DNSChanger, a piece of malware that re-routed vast swaths of Internet traffic through rogue DNS servers after users became infected, was shut down by the FBI late last year. But since simply shutting down the servers altogether would’ve ‘broken’ many hundreds of thousands of computers still infected – rendering it difficult for them to get help via the Internet – the FBI and ISC orchestrated a temporary fix, which is set to end on June 9th. The temporary fix would allow infected computers to stay connected, but that’s coming to a close. Now Google has rolled out a program where users will be notified that “you might be infected” when they try to use Google and they detect your computer trying to reach the temporary DNS servers. But is it possible to have your computer only ‘halfway fixed?’

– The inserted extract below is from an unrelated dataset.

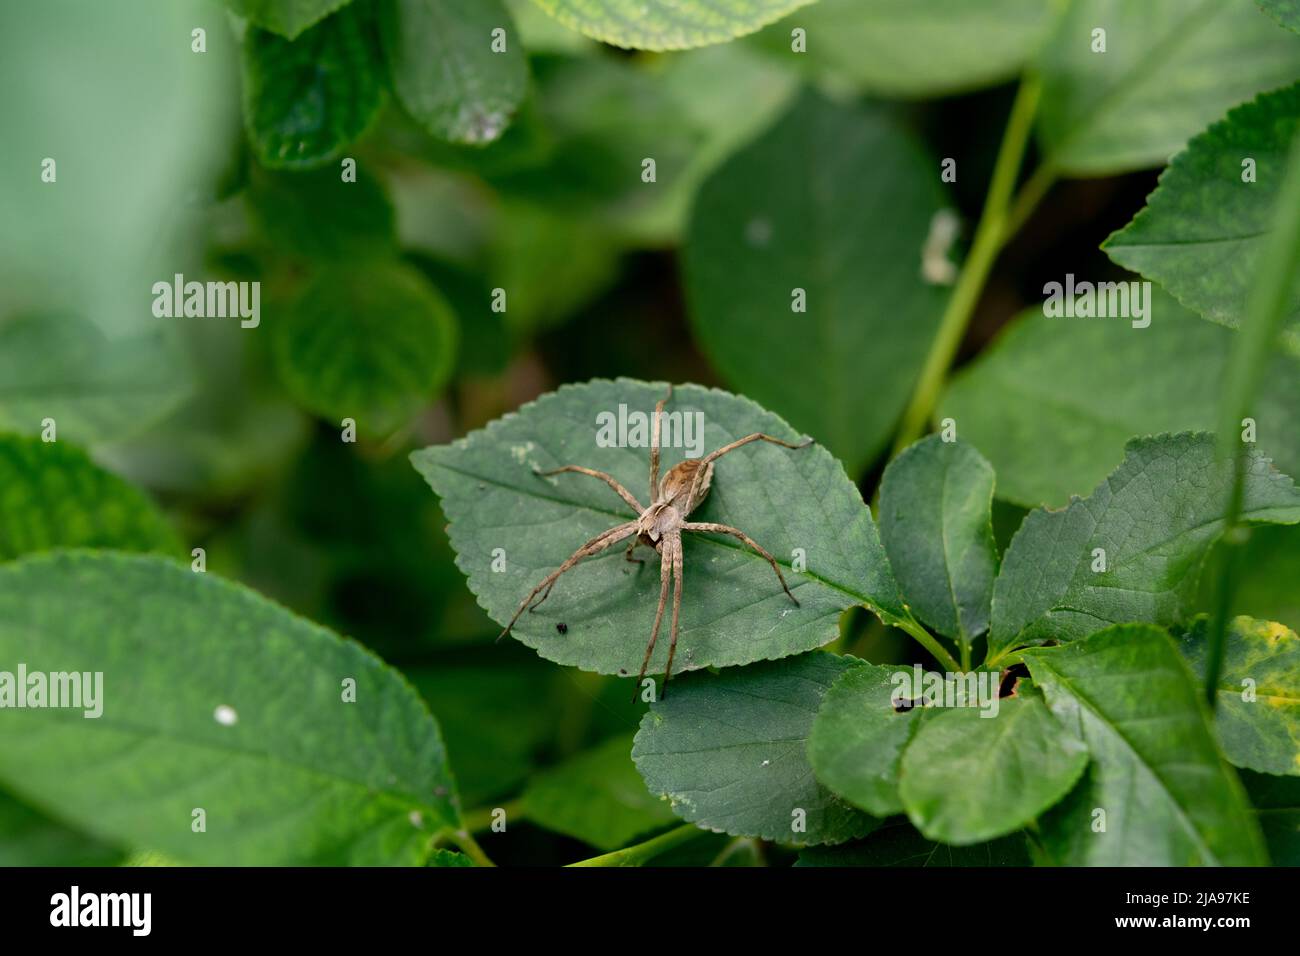 Nursery web (Pisaura mirabilis) on green leaf. Nursery Web Spider Sitting On Green Leaf In Garden. Insect macro photography. Stock Photo
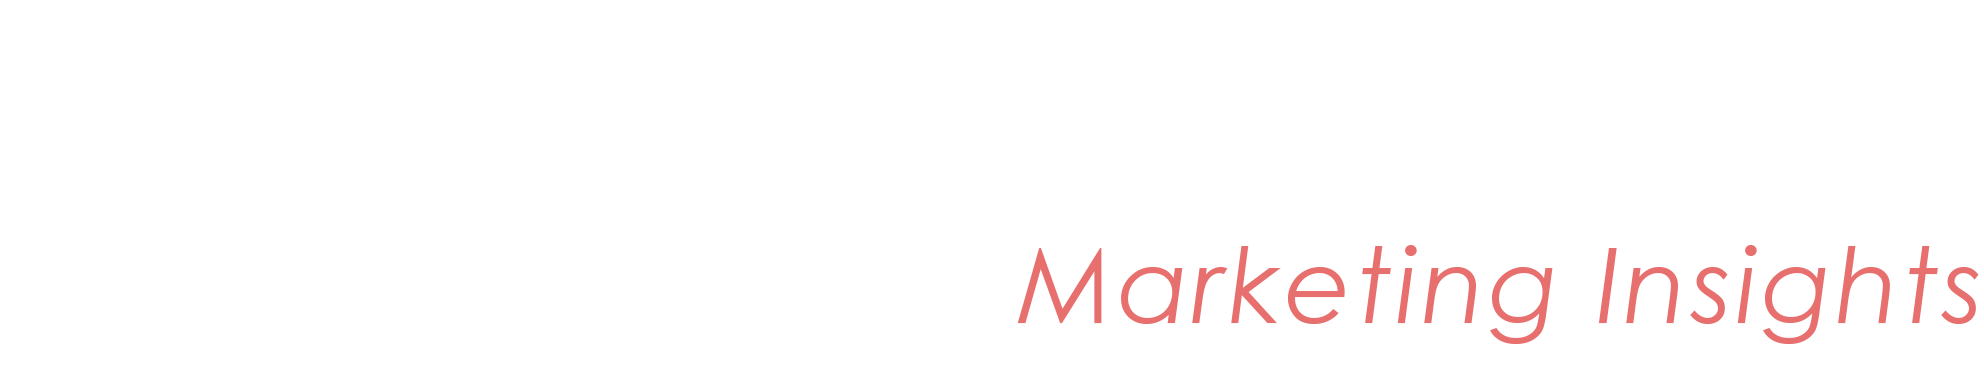 Media Group Online

If, for example, you used a tool to remove the malware, would it necessarily restore the DNS settings you had before the infection, or would it just eliminate the infection and still leave your traffic re-directing to the soon-to-be-closed temporary DNS servers? If you want to check, you can open up your network interface settings (wired and/or wireless) and look at your DNS settings. While your Operating System may be different, on Windows 7 you can check it by viewing the Properties tab for your interface like:

Then selecting IPv4 Properties from the next dialog box like:

Here you’ll see a tab for DNS settings like:

Usually this means you’re okay, and that your DNS is getting its settings from your router/switch/access point, and you should be fine, except that DNSChanger has also been noted to modify the settings on router/switch/access points, so even though your computer may not be telling you to visit rogue places, your router still may. We check if this is the case by opening up a command prompt (Windows 7: Start button -> Search programs and files -> type “cmd” and hit Enter) and tracing the network up to a known good host, in this example we’ll check www.google.com by typing ‘tracert www.google.com’ like:

Notice my connection makes a few hops before getting to the Internet, as you can see by the IP addresses starting with 192.168. – a non-publicly-routable address. Yours might vary a bit here, but 192.168.x.x addresses are very common on internal networks, as are 172.x.x.x and 10.x.x.x networks, so those are normal. Also you can see the last line telling you it hopped directly from my internal DNS servers on my routers to Google’s website. You can verify this by typing 74.125.224.144 (or whatever yours says, it will probably be different) directly into your browser and seeing if you see www.google.com, you should. If, on the other hand, you see any of the following ranges of IP’s while using tracert:

  • 77.67.83.1 – 77.67.83.254
  • 85.255.112.1 – 85.255.127.254
  • 67.210.0.1 – 67.210.15.254
  • 93.188.160.1 – 93.188.167.254
  • 213.109.64.1 – 213.109.79.254
  • 64.28.176.1 – 64.28.191.254

You’ve got problems and need to fix your computer/router. If your router has been compromised, the damage can be more far-reaching, because then all the computers (including mobile devices which are Wi-Fi enabled) on this network will point to servers which soon won’t work, because your local DNS is directing them to places it shouldn’t. Don’t worry, there’s still time to fix it now that you know, but don’t wait, you’ll have to get it fixed before the June 9th cutoff, or devices on your network won’t be able to reach vast swaths of the Internet, making it difficult to get help online.